Hi, I’ve been creating something lately and encountered this problem just now.
Let’s say that I was trying to make a button that adds money on click using a remote event:
I’d detect the click, fire the remote event to the server, and then add the money there, but I’ve noticed just now that this can be exploited and I’ve been doing this error since I started coding.
Is there a way to change/prevent this?
You can solve this with a simple cooldown. It’s important to always rely on the server as an authority (both for adding money and determining how much should be added etc.).
Additionally, a client-sided cooldown can be utilized to prevent spamming of remote events, which is going to work for the majority players except those who exploit. The client-sided debounce is intended solely to avoid sending unnecessary remote calls and additionally burdening the network with signals that are going to be ignored.
Client
local UIS = game:GetService("UserInputService")
local remoteEvent = game:GetService("ReplicatedStorage").RemoteEvent
local lastClick = os.clock()
local COOLDOWN = 1
UIS.InputBegan:Connect(function(input, gameProcessed)
if gameProcessed then return; end
if input.UserInputType == Enum.UserInputType.MouseButton1 then
-- current time - last click > cooldown time?
if os.clock() - lastClick > COOLDOWN then
print("Fired")
lastClick = os.clock() -- update last click time
remoteEvent:FireServer()
end
end
end)
Server
local remoteEvent = game:GetService("ReplicatedStorage").RemoteEvent
local lastClickByPlayer = {}
local COOLDOWN = 1
remoteEvent.OnServerEvent:Connect(function(player)
-- current time - last click > cooldown time?
if os.clock() - (lastClickByPlayer[player] or 0) > COOLDOWN then
lastClickByPlayer[player] = os.clock() -- update last click time
print("Accepted")
end
end)
-- clean up
game:GetService("Players").PlayerRemoving:Connect(function(player)
lastClickByPlayer[player] = nil
end)
I wouldn’t recommend the client do the rubber stamping of time, instead that logic should be done on the server, as you know what the people say “anything on the client would be spoofed and bypassed by the exploiters”.
In all my projects I also add the client sided debounce, which works very well. Sure, it can be avoided by an exploiter, which is why server-sided cooldown is in place.
I suppose there are small cases where a server might ignore the request if the latency was high at the time of first request and unusually low a moment later. We can combat that by having a slightly shorter cooldown on server compared to the client, although that depends on the use case.
@Turbino32 they’re actually right, if you are going to be firing the remote event very rapidly, the client-sided cooldown disadvantages overweight the benefits. Furthermore, the remote events have a 9 byte overhead, so, for example, 15 clicks per second wouldn’t even come close to 1% of available network bandwidth, unless a lot of data is sent along.
Yes, that can be exploited.

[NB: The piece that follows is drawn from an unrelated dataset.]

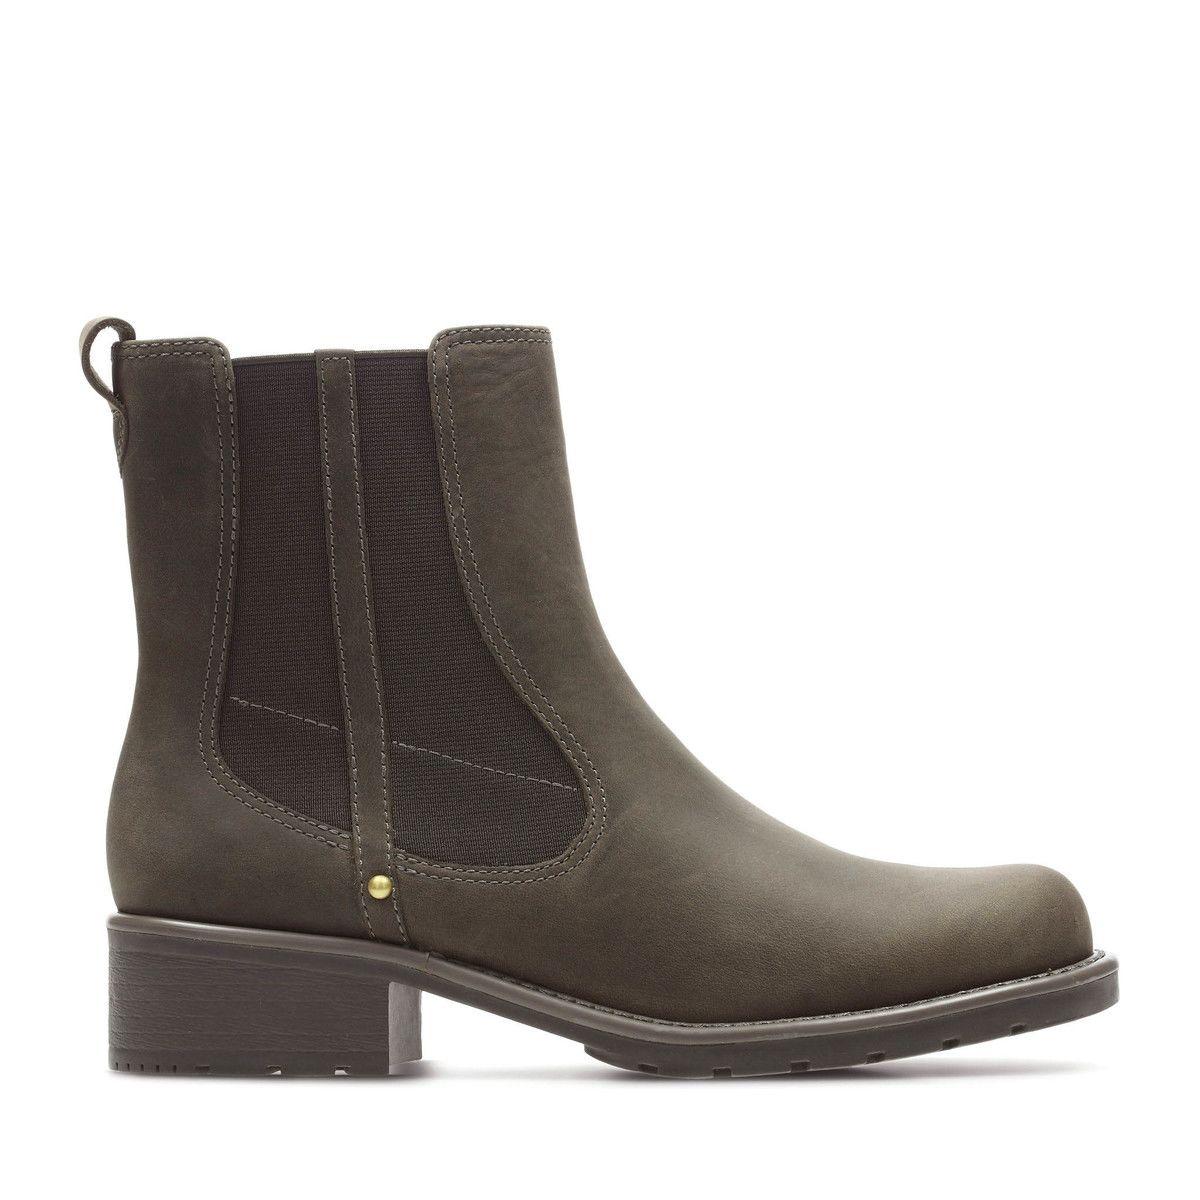 a008b772e29a Clarks Chelsea Boots - KHAK - 3875 54D ORINOCO CLUB

Why not connect .Touched on server?
Also, .Touched can fire on every part of the character, so you may want to check whether the part is a component of the character, see whether player has recently activated .Touched, and then act accordingly.
Example with one part.
local Players = game:GetService("Players")
local part = script.Parent
local debouncePerPlayer = {}
part.Touched:Connect(function(hit)
local player = Players:GetPlayerFromCharacter(hit.Parent)
if player and not debouncePerPlayer[player] then
debouncePerPlayer[player] = true
print("Money added here.")
task.wait(1) -- 1 second debounce
debouncePerPlayer[player] = nil
end
end)
Thanks for the response! However using client-sided debounce is just not going to cut it for me or for some people who want full prevention of remote spamming. If we wanted to prevent such things we can do what @Quwanterz has said; which is to add a rate limiter.
Since I don’t know anything about rate limiters, here’s a link about it:
Additionally, on the lagging part you are correct, however if we shorten the cooldown of the player, wouldn’t that just enable them to get more i.e coins or points? Edit: it seems there’s like a function of Player:GetNetworkPing(), how would we implement such a thing? Since ping always varies like going up and down.
Thanks for opening this discussion. Interesting. Also, great article you sent.
I’ll have to do more research, though I’m not sure it’s possible to add a real rate-limiter in Roblox such as one of those used in web development.
Yes, please ignore the client-sided addition idea, it only works in cases where timing is not so crucial.
Hmm, I forgot this function even existed. Upon a closer look, the docs say it “returns the engine-calculated latency in seconds”.
We don’t exactly know how the returned ping is calculated, and last time I checked values differed a lot compared to the game console average, or ping received from a round trip via remote events.
Luckily, the previous docs mentioned a soft limit of about 50 kB/s per player. So it’s probably worth more to compress the data and to carefully build the communication. Besides, remote signals are replicated with 60 Hz frequency at best.
Thank you again, and I’ll carefully read that article before I (maybe) get back with any update.
Well, this discussion ended up being completely transformed into another topic lol, hopefully I’ll be more careful with this remote event thing during my journey, thanks!